5 hours in Jordan, and the jury, unsurprisingly, is still out for me.  First half hour was not the most pleasant.  After purchasing two visas for 40JD and collecting our packs from baggage claim, we exited customs to find that the taxi we had arranged with the hotel in Petra was nowhere to be found.  I asked the unfriendly man at “customer service” if I could use the phone and was pointed across the way to the tiny convenience store inside the terminal.  “You buy card to use phone” – excellent English; not sure he gets the idea of customer service.  I bought the 2JD calling card for 3JD, which is the beauty of a structural monopoly – if you are the only game in town, you can blatantly gouge the foreigners.  Long story short, our driver arrived shortly thereafter and things went uphill from there.

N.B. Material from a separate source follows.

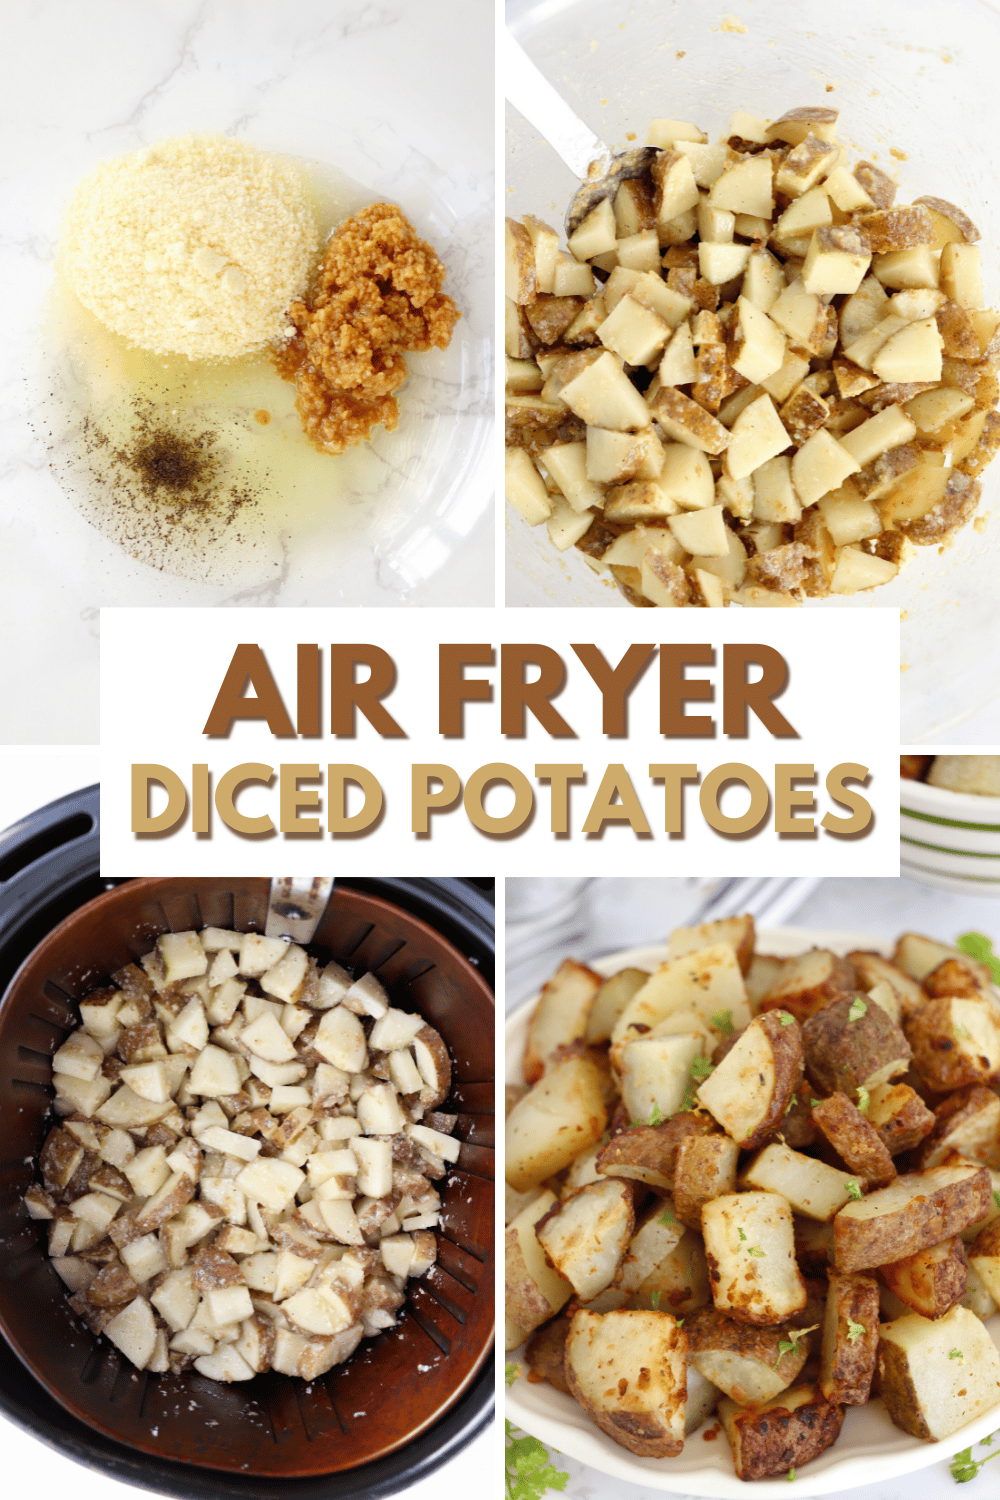 These Air Fryer Diced Potatoes are crispy, flavorful potatoes cooked to perfection in the air fryer. It's a family-friendly side dish recipe! #airfryerdicedpotatoes #airfryerpotatoes #airfryer #potatoes via @wondermomwannab

Our driver turned out to be Houssein, the exceedingly pleasant friendly brother of the man who runs the hotel.  For the first 45 minutes of our 2.5 hour drive he took it upon himself to teach us a bit of Arabic.  Then he turned on the tunes: mostly what sounded like American hip-hop remixed with an Arabic flare.  The best moment of the ride was when he pulled off on the side of the road at one of the hundreds of little ramshackle shops that dot the side of the Desert Highway.  He returned with a lit cigarette in his mouth and three little plastic cups of steaming hot tea with bits of sage floating in them.  Houssein finished his smoke and we drove off at 120 km/hr with the Yin-Yang Twins blaring.

At this point it was 9:00 at night, and Casey and I were both hungry and tired.  We declined his offers of dinner, but asked him to stop somewhere we might pick up some fruit to snack on instead.  He stopped at a little vegetable shop, where I selected some apples, oranges, and a pomegranite.  I placed the pomegranite on the scale, and about 15 seconds of Arabic was exchanged to my right.  I looked at Houssein for an explanation: “He says it is free, and welcome to Jordan!”  “Shukran!!  I have to learn a more complete way to say “thank you”.

So, why is the jury still out?  Jordan looks really rough, at least from the window of a cab on the highway.  It feels like a place that has first world infrastructure built over a third world country.  The highway is excellent, the filling stations look immaculate, and the police are everywhere.  Yet the houses and shops on the side of the road look almost bombed out.  Time for me to read a bit more 20th century history and find out why things feel the way they do.